[EXERCISE]
What is needed is an exact reproduction of the listing, without its pictures.

[DATA SECTION]
.....

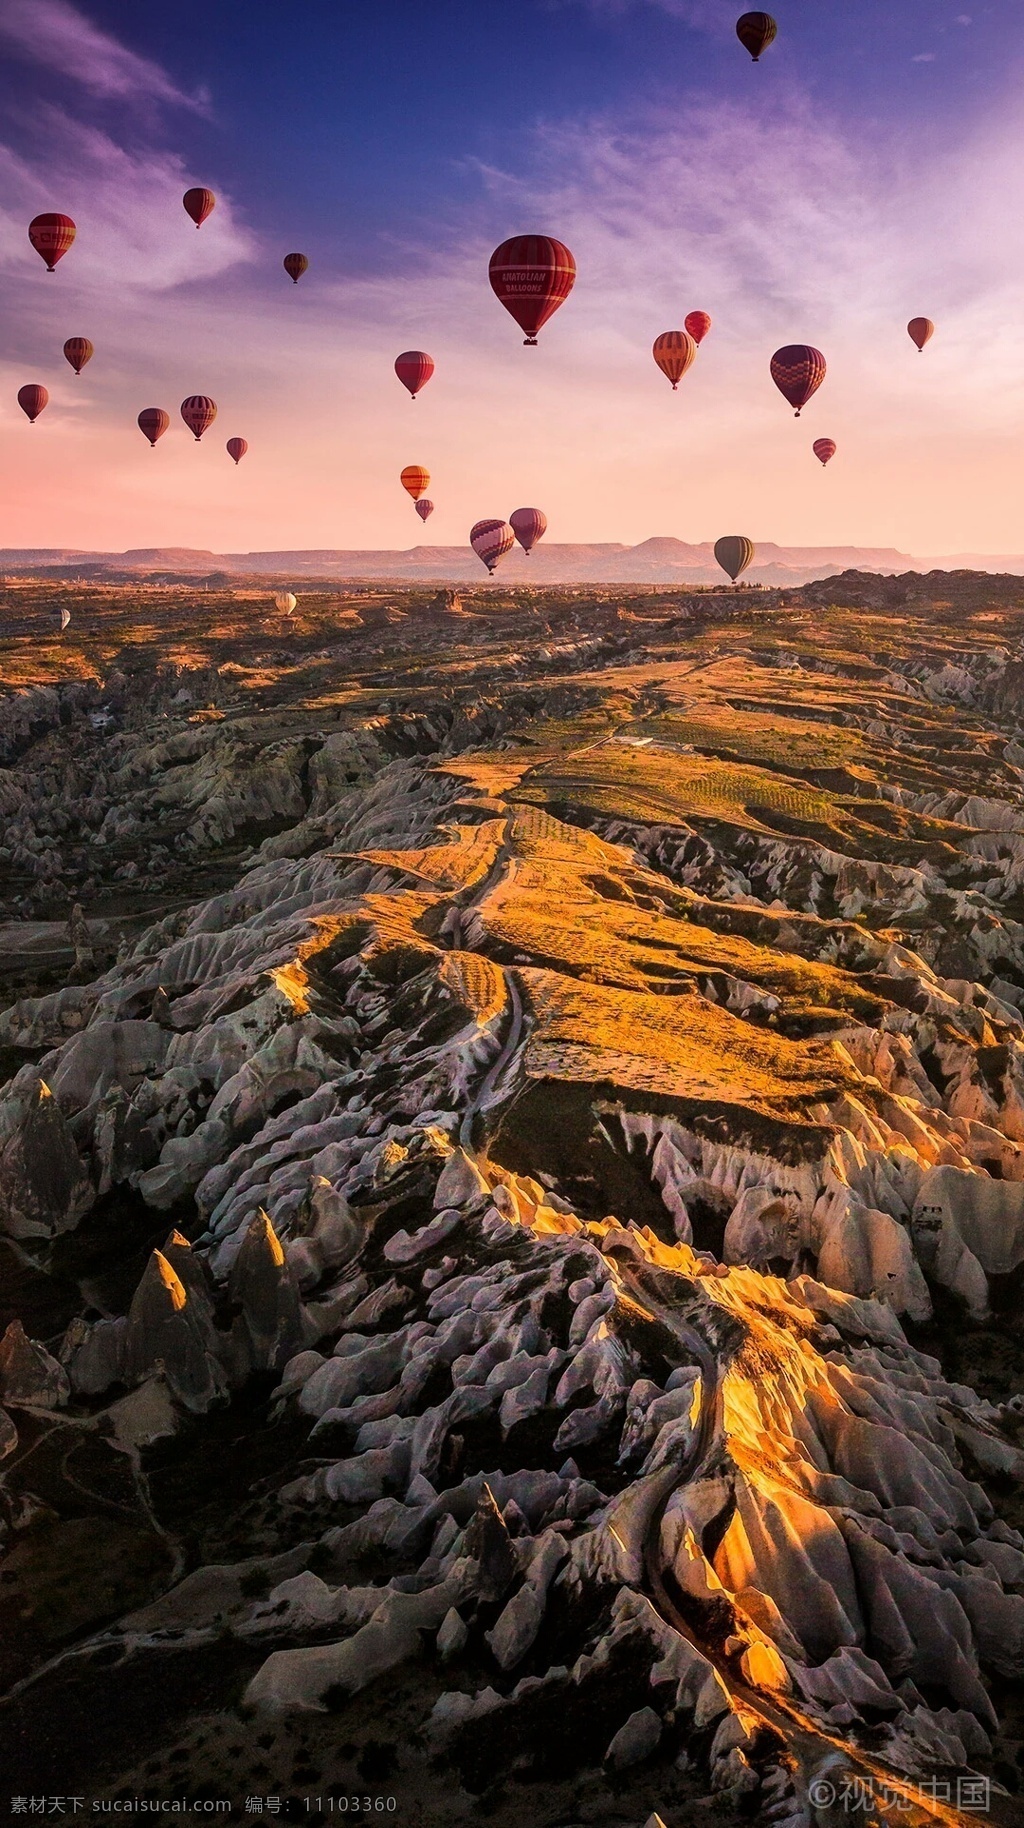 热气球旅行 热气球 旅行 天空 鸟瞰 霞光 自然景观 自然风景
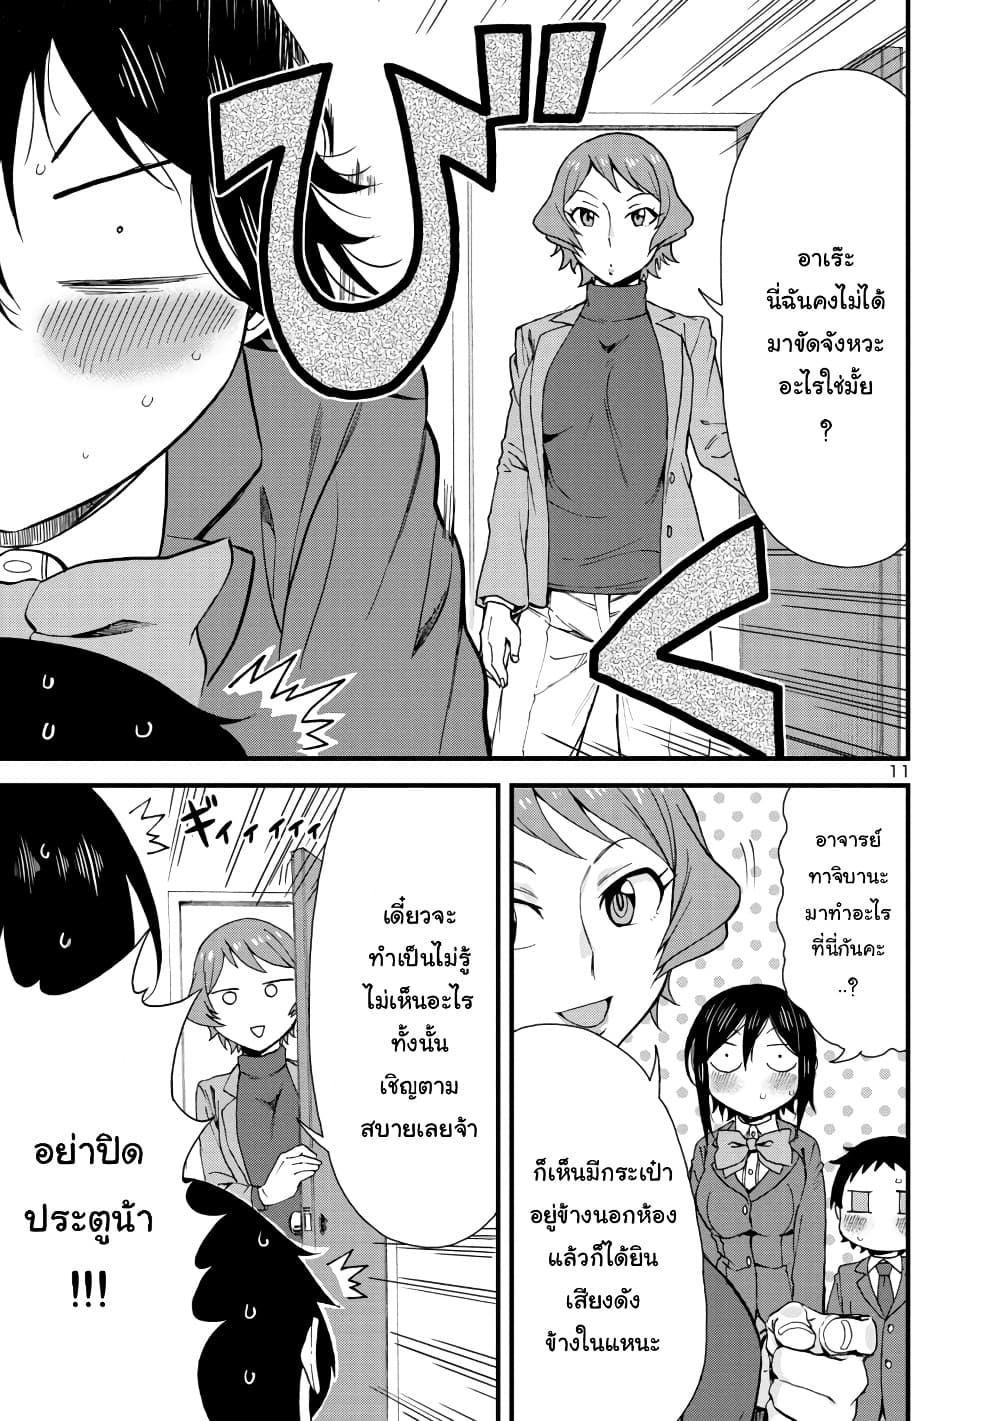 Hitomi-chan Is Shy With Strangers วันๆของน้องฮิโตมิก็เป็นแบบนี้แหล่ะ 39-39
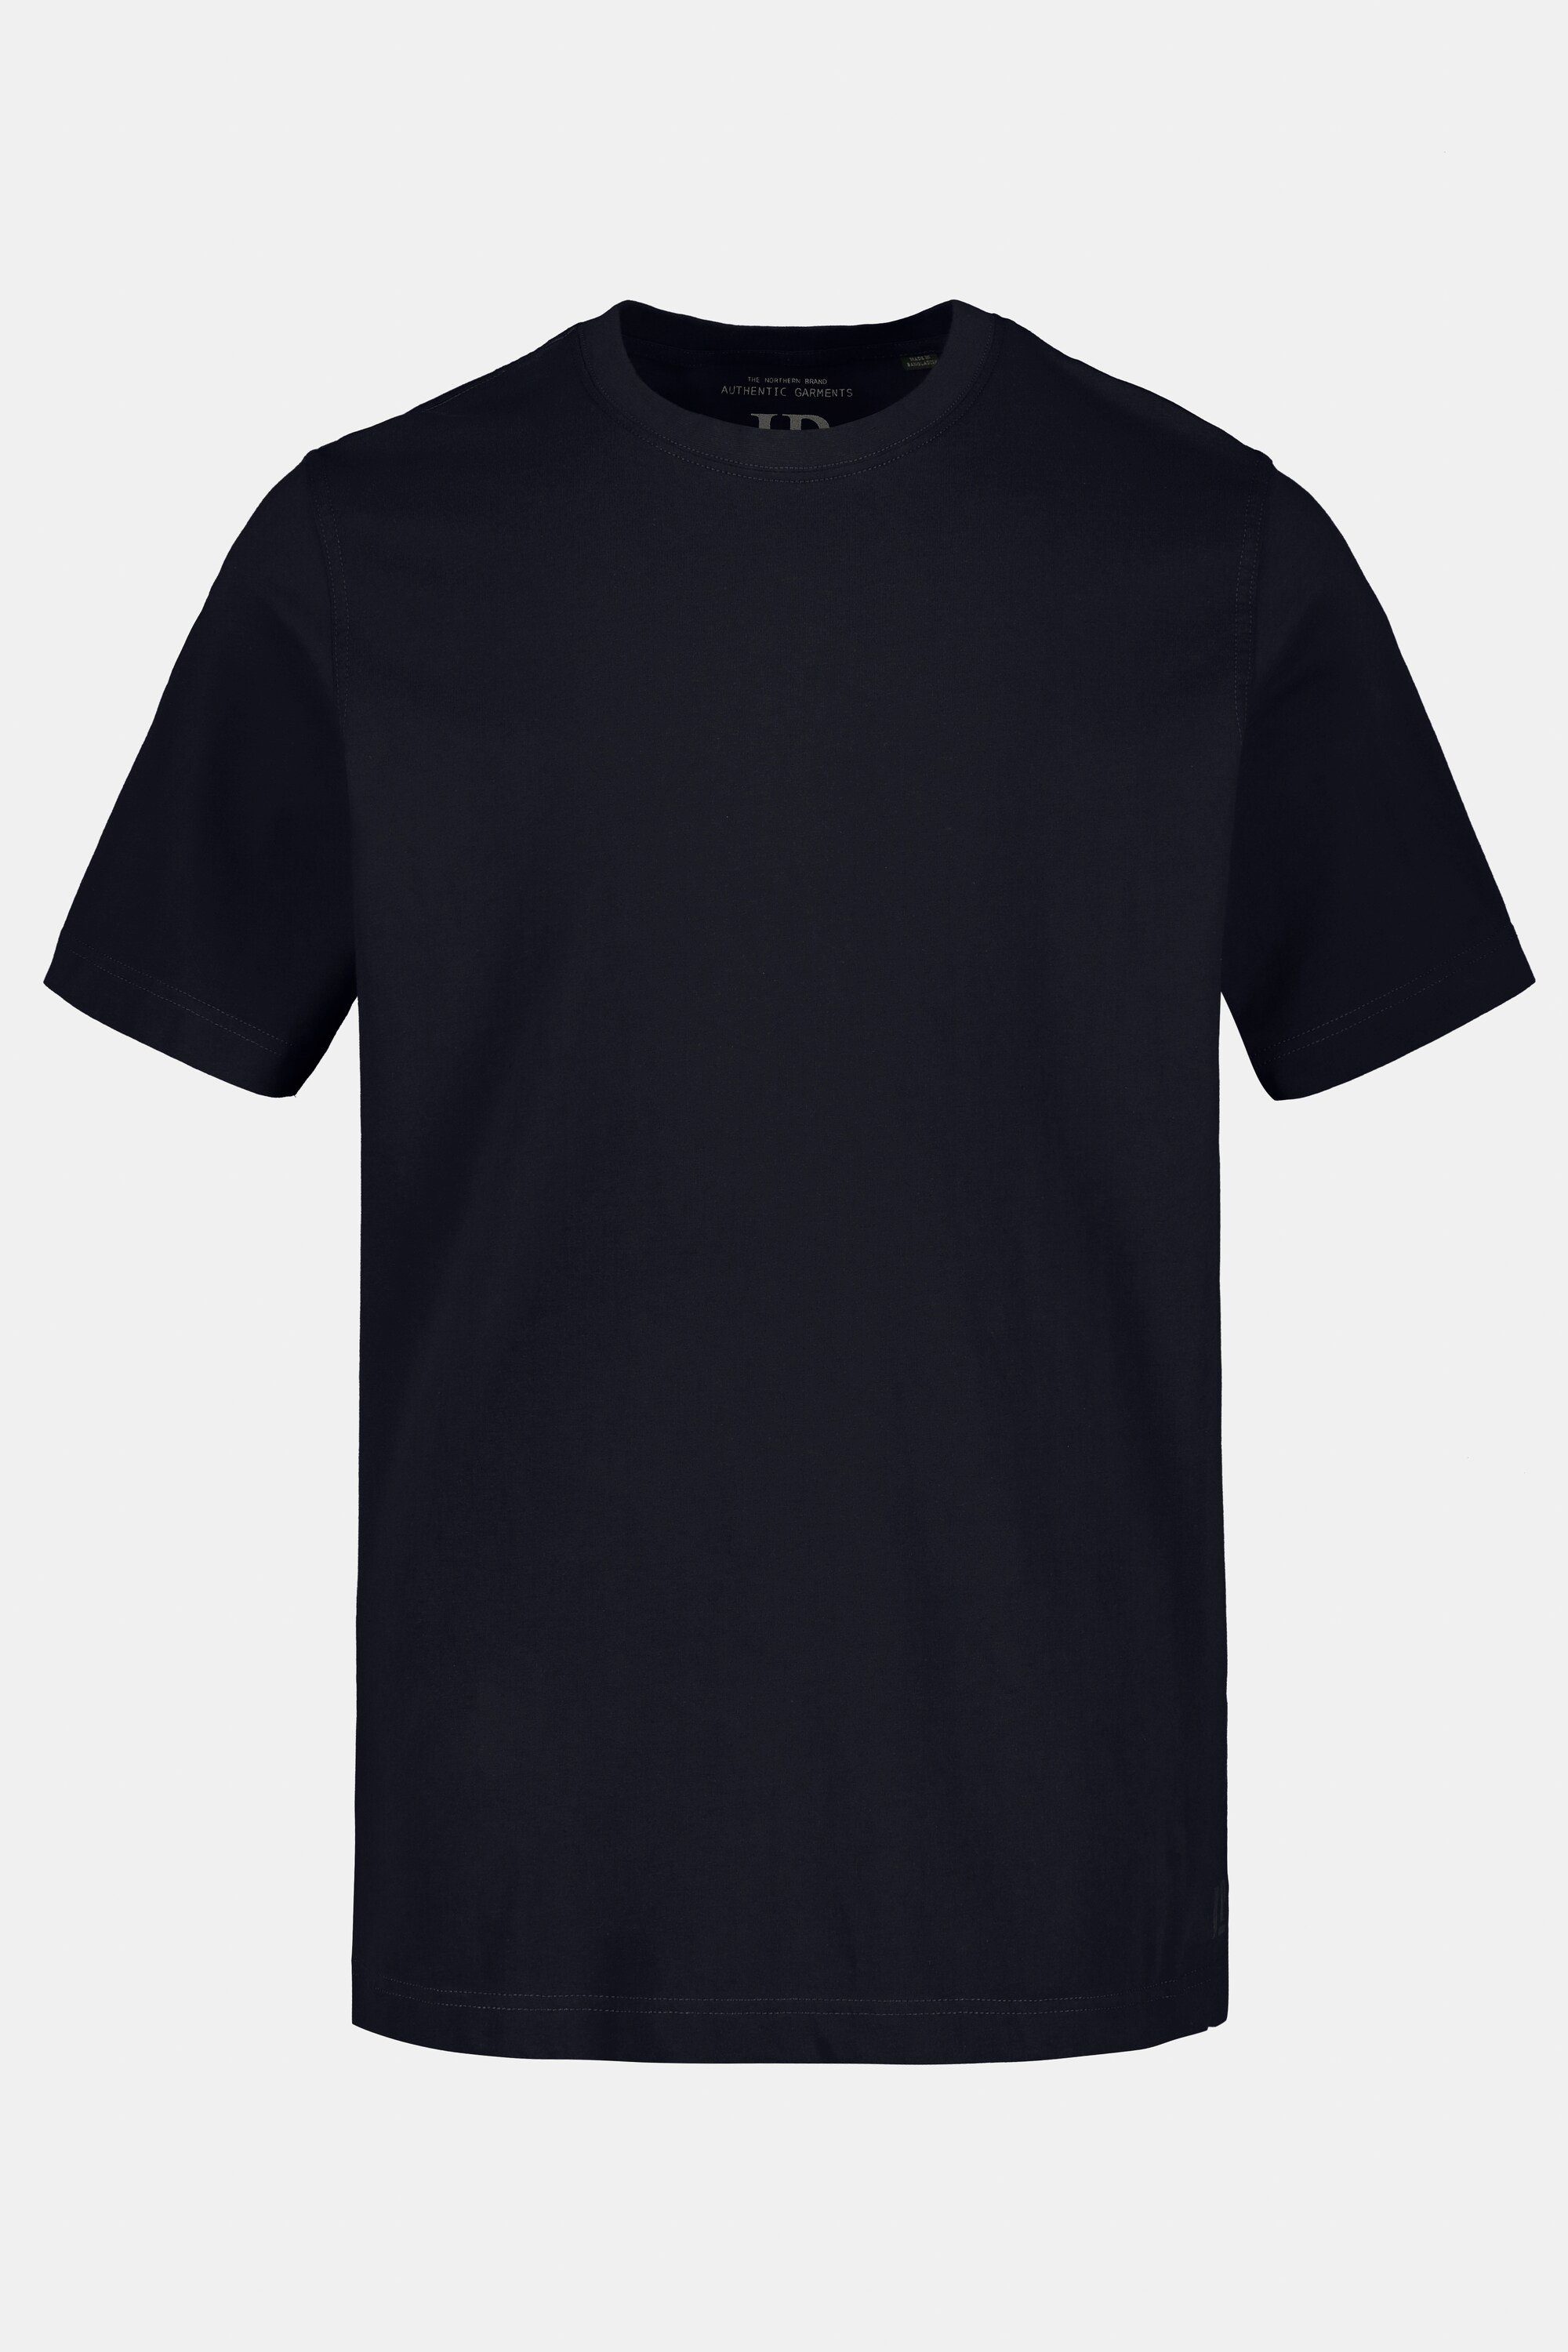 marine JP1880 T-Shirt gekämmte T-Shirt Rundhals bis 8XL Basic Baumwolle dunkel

.....

[RESPONSE]
 热气球旅行 热气球 旅行 天空 鸟瞰 霞光 自然景观 自然风景
 Hitomi-chan Is Shy With Strangers วันๆของน้องฮิโตมิก็เป็นแบบนี้แหล่ะ 39-39
 marine JP1880 T-Shirt gekämmte T-Shirt Rundhals bis 8XL Basic Baumwolle dunkel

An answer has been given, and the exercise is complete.